Impact sur les entreprises et leurs fournisseurs : le spectre des défaillances
L'inflation et ses effets redistributifs ont également fragilisé de nombreuses entreprises. En France, les défaillances d'entreprises atteignent des niveaux records, inédits depuis 2008. Pour Denis Di Vito, ce phénomène, bien que préoccupant, n'est pas nécessairement négatif. « La bonne approche est de développer une gestion proactive des relations fournisseurs, avec une approche différenciée selon leur importance stratégique. Il faut accompagner les fournisseurs critiques tout en exigeant une juste redistribution de la valeur. Mais il est aussi essentiel d'accepter que certaines défaillances surviennent pour permettre à des acteurs plus performants de prendre le relais », souligne Denis Di Vito.
L'enjeu ESG relégué au second plan ?
Sans surprise, les exigences croissantes de reporting extra-financier, imposées notamment par la directive européenne CSRD (Corporate Sustainability Reporting Directive), rencontrent des résistances.
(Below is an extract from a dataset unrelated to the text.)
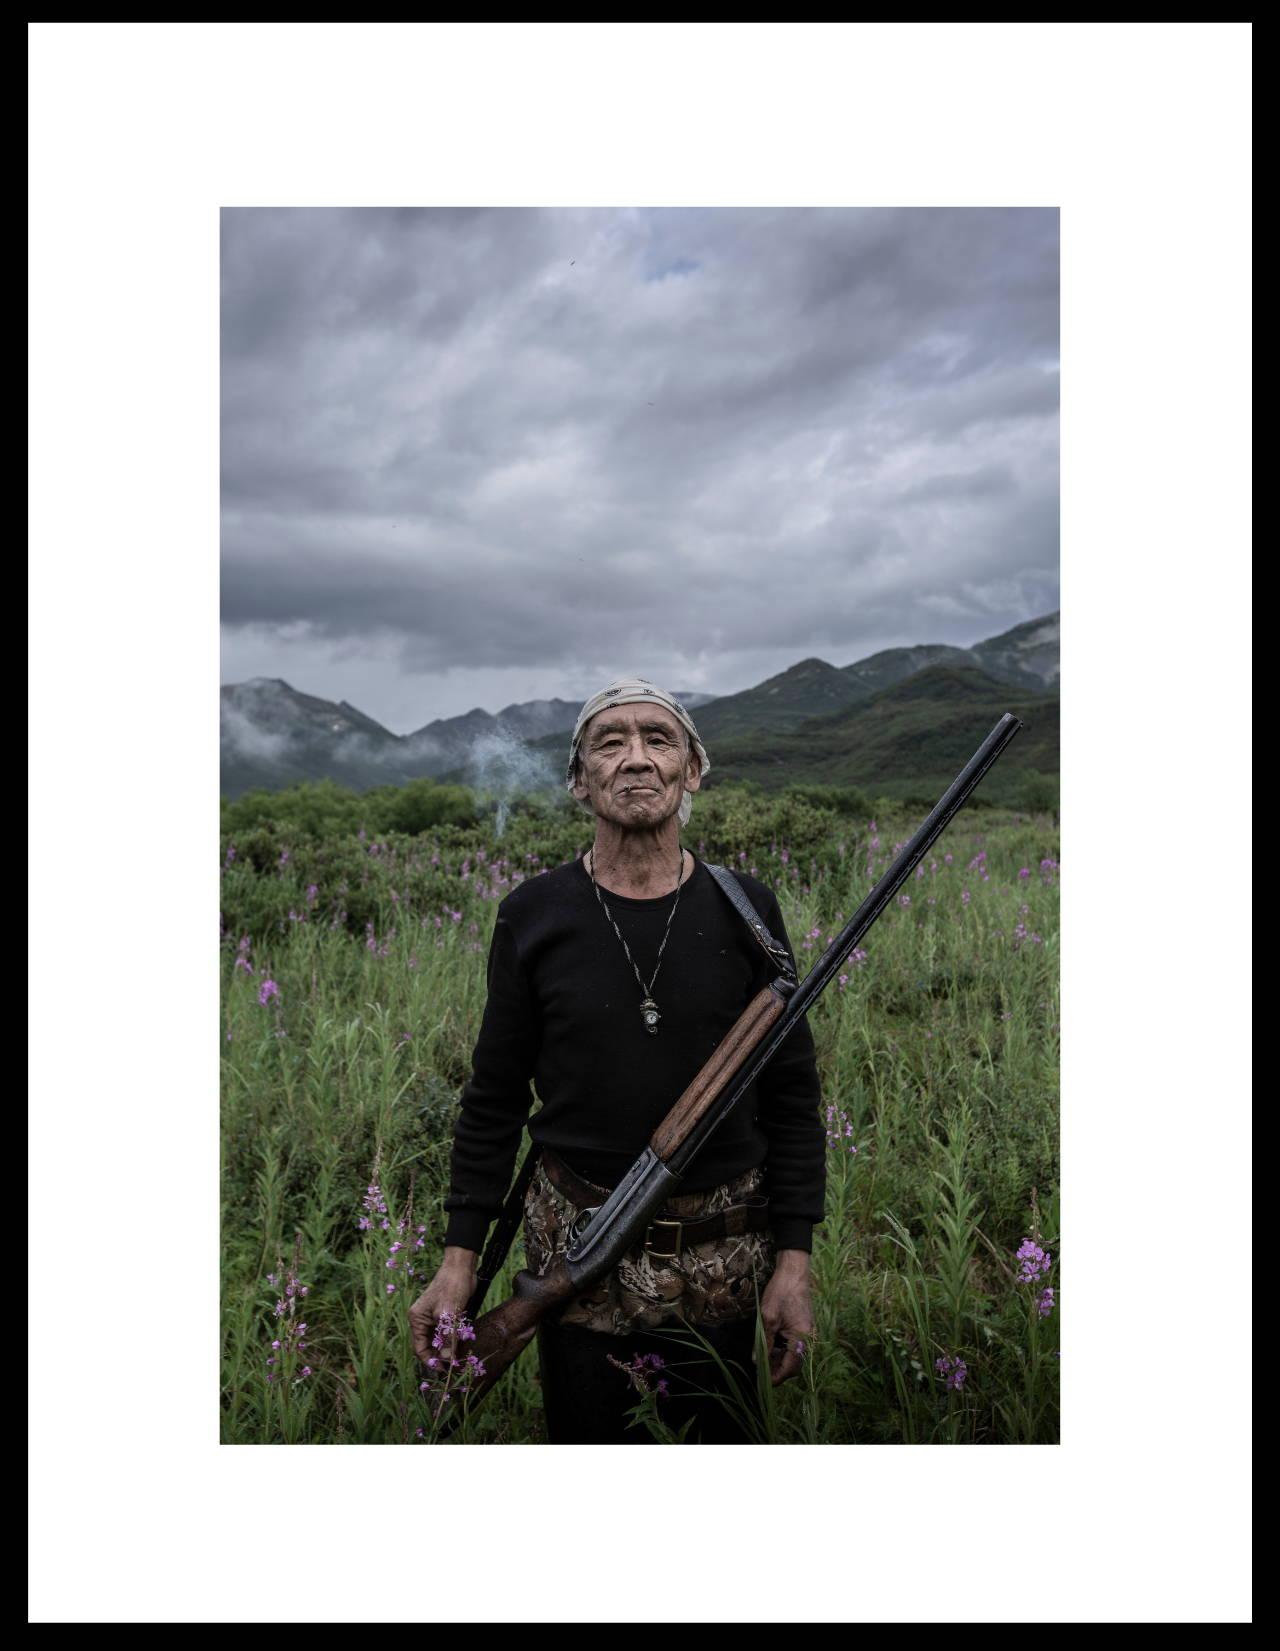 Une photo de Julien Mavier au Kamchatka
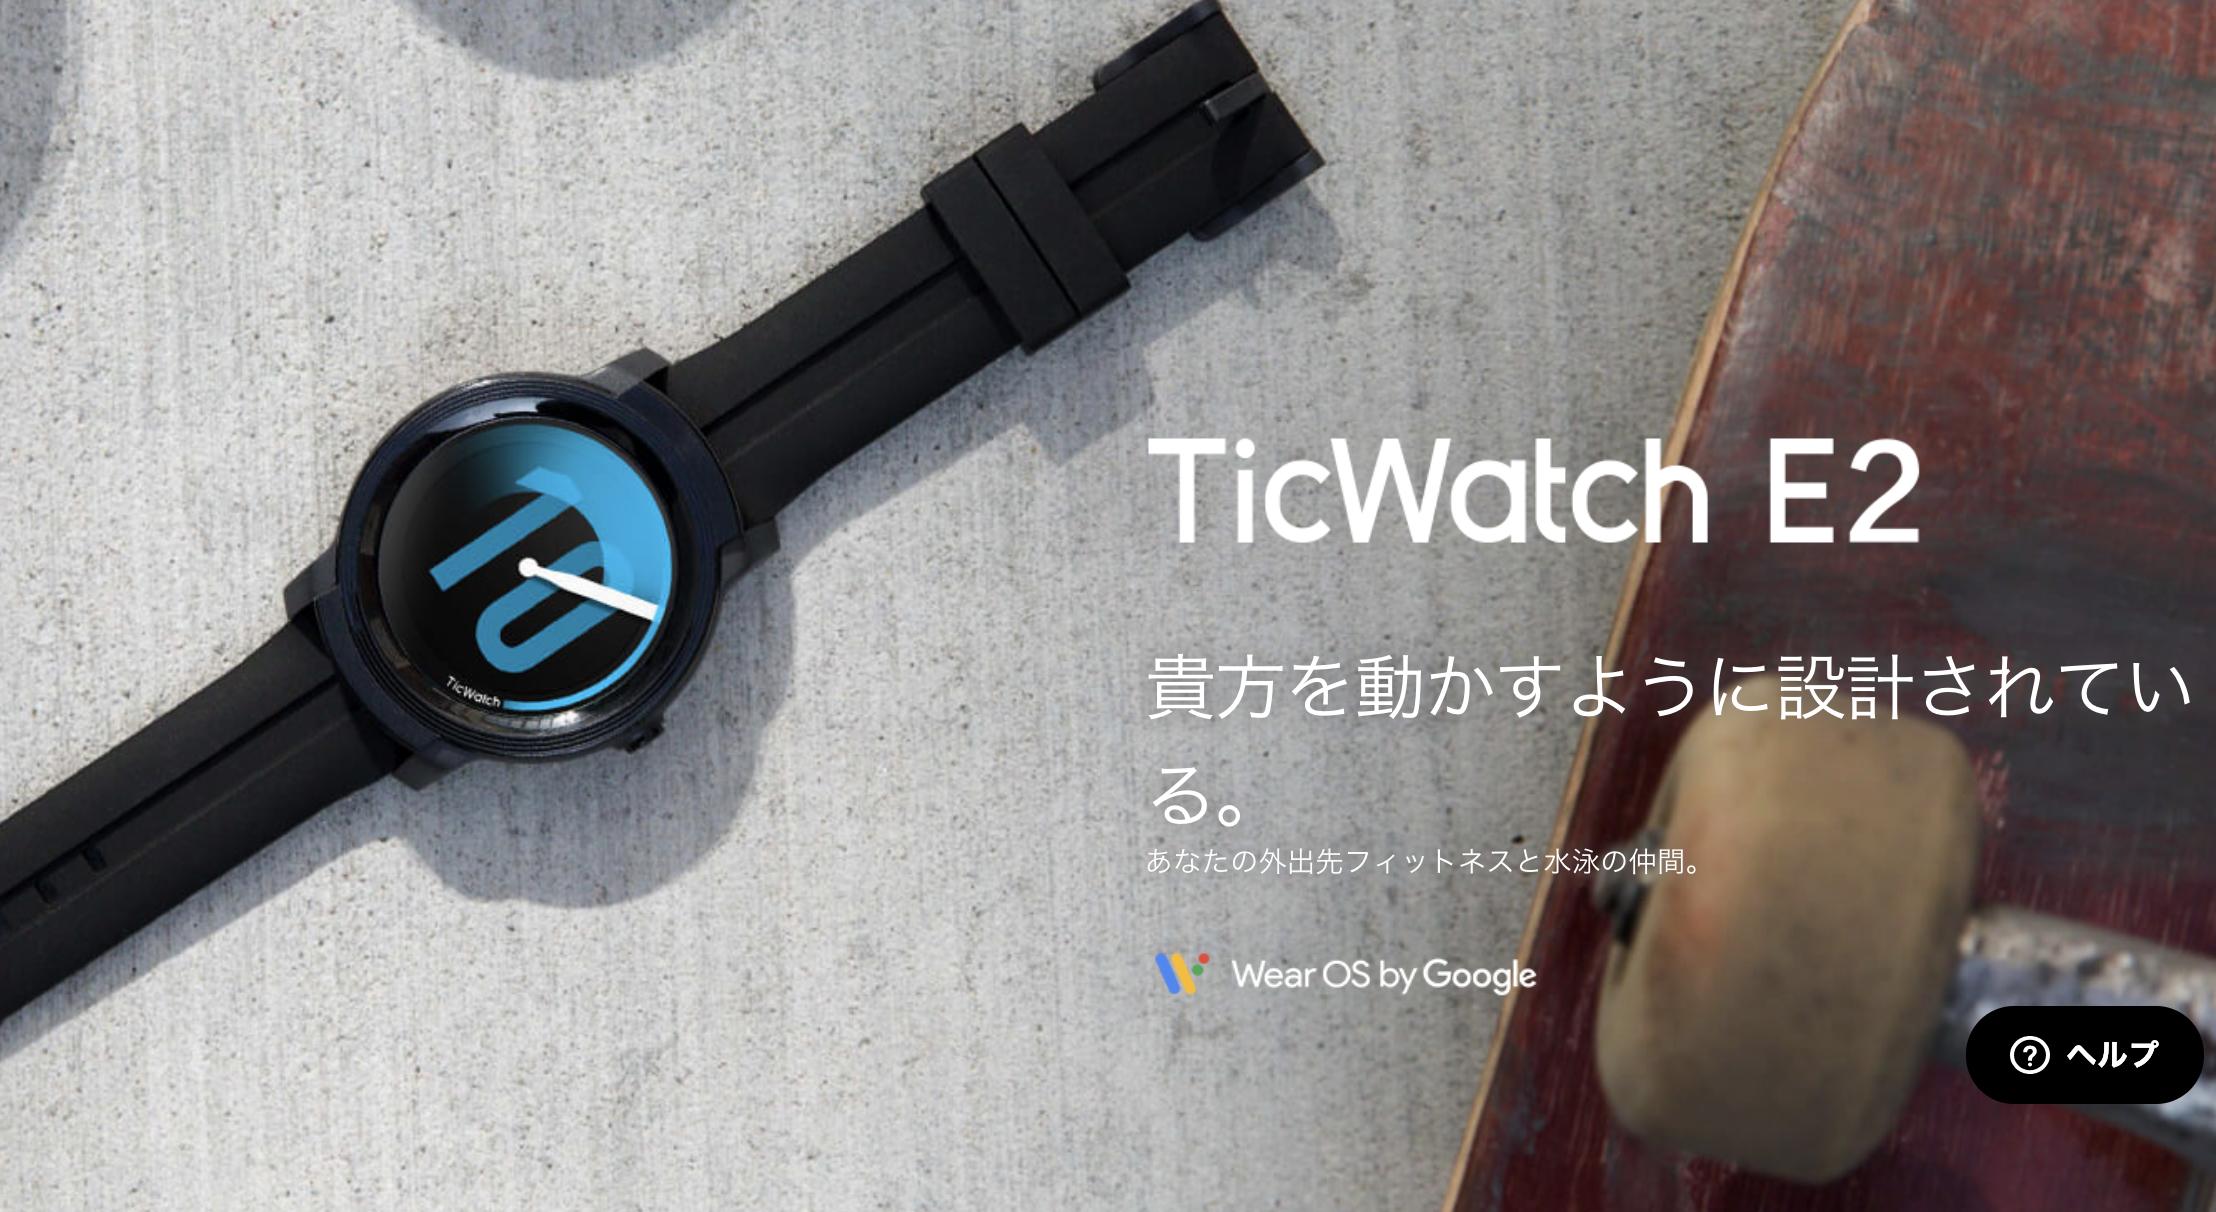 TicWacth E2

Avec les tensions économiques, les entreprises semblent redonner la priorité à leur performance économique au détriment des engagements environnementaux. « La viabilité de cette triple performance (économique, sociale et environnementale) demeure incertaine, alors que les directions d'achat peinent à intégrer ces impératifs sans sacrifier leur compétitivité », observe Denis Di Vito. Autre signe des temps à souligner et non des moindres, le rétropédalage sur le sujet du droit de vigilance. La France fait ainsi volte face par sa demande de report indéfini de la directive sur le devoir de vigilance qui oblibe les grands groupes à respecter les droits environnementaux et sociaux. La CS3D est reportée à une date inconnue, voire annulée totalement. Et c'était le coeur de la réglementation à venir. Dit autrement, "les efforts en matière de durabilité resteront portés par : les entreprises aux normes éthiques élevées, la sensibilité des consommateurs envers les marques durables, la pression exercée par les ONG sur les entreprises. Les achats doivent poursuivre leurs efforts pour favoriser des chaînes de valeur amont durables", anticipe Denis Di Vito.
Vers une redistribution forcée ?
Alors que les prix peinent à refluer malgré des coûts en baisse, la redistribution de la valeur devient un enjeu central. « La pression sur les industriels pour partager ces marges pourrait croître, portée par des négociations commerciales plus musclées et un regain d'attention sur la justice économique », décrypte Denis Di Vito. L'année achats 2025 sera bien rythmée à l'aune du tryptique équilibre économique, durabilité et diplomatie commerciale pour éviter une fragmentation excessive des chaînes de valeur et une polarisation des intérêts.